**EXERCISE DETAILS**
In the listing that follows, locate the line containing "Ein außergewöhnliches Kunstwerk" and the line containing "UFP-E11BN-095 BLACK Опора". Retype exactly those two lines and every line between them, and nothing more.

**RECORDS FOR THIS EXERCISE**

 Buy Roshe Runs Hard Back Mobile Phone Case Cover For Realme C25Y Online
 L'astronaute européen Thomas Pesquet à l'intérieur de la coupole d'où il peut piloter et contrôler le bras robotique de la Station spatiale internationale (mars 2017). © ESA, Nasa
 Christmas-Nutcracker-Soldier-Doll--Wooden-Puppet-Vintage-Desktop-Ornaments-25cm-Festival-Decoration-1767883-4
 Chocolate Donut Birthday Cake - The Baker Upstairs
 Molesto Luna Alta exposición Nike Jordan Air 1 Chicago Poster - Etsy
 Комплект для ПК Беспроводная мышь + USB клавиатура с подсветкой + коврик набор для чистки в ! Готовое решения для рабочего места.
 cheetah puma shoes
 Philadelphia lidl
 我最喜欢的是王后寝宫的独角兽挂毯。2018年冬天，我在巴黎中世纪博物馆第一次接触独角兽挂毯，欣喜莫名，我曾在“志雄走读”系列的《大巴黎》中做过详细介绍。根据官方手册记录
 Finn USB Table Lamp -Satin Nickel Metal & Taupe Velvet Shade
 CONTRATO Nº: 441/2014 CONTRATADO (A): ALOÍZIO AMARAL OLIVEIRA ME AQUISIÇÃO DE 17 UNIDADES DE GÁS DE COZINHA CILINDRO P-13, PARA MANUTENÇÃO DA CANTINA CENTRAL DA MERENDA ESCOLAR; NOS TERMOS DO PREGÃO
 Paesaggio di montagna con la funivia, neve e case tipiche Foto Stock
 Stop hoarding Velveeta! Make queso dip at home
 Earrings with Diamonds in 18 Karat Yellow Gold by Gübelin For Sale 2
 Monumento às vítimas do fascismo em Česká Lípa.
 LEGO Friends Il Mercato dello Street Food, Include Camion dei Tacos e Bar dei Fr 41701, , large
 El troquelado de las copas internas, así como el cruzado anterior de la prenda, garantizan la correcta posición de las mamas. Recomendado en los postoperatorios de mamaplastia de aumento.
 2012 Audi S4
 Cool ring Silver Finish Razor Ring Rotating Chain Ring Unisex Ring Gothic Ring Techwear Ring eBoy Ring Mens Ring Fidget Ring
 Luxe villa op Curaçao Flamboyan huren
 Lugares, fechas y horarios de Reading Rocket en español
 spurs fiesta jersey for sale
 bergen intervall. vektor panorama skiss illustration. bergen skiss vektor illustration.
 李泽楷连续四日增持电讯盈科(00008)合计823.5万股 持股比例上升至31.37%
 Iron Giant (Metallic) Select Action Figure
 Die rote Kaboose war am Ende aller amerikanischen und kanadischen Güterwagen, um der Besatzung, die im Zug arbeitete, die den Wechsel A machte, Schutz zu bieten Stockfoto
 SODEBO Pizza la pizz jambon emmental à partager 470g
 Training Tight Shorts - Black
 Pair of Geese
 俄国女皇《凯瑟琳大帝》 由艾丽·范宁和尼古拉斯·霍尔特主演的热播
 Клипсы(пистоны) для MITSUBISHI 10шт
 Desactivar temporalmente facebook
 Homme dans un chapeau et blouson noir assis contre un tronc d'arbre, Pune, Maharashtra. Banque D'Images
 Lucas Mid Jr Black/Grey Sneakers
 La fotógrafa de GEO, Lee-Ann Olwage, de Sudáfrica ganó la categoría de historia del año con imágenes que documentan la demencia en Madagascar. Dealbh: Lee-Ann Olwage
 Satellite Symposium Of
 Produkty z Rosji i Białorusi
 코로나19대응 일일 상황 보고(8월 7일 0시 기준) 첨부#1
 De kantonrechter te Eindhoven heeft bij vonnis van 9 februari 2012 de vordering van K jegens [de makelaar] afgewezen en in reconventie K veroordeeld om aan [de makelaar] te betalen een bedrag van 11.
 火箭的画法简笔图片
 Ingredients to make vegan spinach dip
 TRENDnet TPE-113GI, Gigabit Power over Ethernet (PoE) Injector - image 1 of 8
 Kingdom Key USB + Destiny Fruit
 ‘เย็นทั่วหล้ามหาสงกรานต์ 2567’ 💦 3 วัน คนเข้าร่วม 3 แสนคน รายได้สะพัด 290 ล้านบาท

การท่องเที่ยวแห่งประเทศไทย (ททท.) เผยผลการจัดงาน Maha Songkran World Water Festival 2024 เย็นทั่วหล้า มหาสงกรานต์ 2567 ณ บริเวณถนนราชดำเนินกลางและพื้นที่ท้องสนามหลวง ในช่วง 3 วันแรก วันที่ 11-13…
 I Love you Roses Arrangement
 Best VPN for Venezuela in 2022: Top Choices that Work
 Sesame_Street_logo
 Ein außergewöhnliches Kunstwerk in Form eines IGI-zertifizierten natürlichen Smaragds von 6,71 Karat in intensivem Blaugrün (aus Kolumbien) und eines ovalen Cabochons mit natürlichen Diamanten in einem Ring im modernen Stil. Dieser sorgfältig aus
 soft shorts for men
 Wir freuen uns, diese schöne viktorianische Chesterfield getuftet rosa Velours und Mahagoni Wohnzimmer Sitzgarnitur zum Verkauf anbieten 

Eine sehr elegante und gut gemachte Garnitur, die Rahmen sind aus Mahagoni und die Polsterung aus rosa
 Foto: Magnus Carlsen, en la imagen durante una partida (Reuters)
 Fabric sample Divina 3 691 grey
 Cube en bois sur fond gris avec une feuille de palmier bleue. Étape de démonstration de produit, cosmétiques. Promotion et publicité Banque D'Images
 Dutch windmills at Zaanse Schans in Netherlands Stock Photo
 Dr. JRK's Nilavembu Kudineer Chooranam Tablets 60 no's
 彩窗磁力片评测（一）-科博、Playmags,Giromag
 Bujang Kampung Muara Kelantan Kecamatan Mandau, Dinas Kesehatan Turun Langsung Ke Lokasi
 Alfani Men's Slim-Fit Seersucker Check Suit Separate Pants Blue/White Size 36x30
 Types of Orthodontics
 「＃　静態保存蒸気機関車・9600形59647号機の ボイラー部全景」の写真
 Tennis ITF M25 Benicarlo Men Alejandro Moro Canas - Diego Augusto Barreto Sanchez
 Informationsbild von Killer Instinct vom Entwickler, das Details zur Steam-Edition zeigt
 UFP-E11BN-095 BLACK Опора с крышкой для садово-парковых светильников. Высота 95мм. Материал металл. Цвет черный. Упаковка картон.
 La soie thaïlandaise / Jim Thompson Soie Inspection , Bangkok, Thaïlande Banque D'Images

**OUTPUT OF THE EXERCISE**
 Ein außergewöhnliches Kunstwerk in Form eines IGI-zertifizierten natürlichen Smaragds von 6,71 Karat in intensivem Blaugrün (aus Kolumbien) und eines ovalen Cabochons mit natürlichen Diamanten in einem Ring im modernen Stil. Dieser sorgfältig aus
 soft shorts for men
 Wir freuen uns, diese schöne viktorianische Chesterfield getuftet rosa Velours und Mahagoni Wohnzimmer Sitzgarnitur zum Verkauf anbieten 

Eine sehr elegante und gut gemachte Garnitur, die Rahmen sind aus Mahagoni und die Polsterung aus rosa
 Foto: Magnus Carlsen, en la imagen durante una partida (Reuters)
 Fabric sample Divina 3 691 grey
 Cube en bois sur fond gris avec une feuille de palmier bleue. Étape de démonstration de produit, cosmétiques. Promotion et publicité Banque D'Images
 Dutch windmills at Zaanse Schans in Netherlands Stock Photo
 Dr. JRK's Nilavembu Kudineer Chooranam Tablets 60 no's
 彩窗磁力片评测（一）-科博、Playmags,Giromag
 Bujang Kampung Muara Kelantan Kecamatan Mandau, Dinas Kesehatan Turun Langsung Ke Lokasi
 Alfani Men's Slim-Fit Seersucker Check Suit Separate Pants Blue/White Size 36x30
 Types of Orthodontics
 「＃　静態保存蒸気機関車・9600形59647号機の ボイラー部全景」の写真
 Tennis ITF M25 Benicarlo Men Alejandro Moro Canas - Diego Augusto Barreto Sanchez
 Informationsbild von Killer Instinct vom Entwickler, das Details zur Steam-Edition zeigt
 UFP-E11BN-095 BLACK Опора с крышкой для садово-парковых светильников. Высота 95мм. Материал металл. Цвет черный. Упаковка картон.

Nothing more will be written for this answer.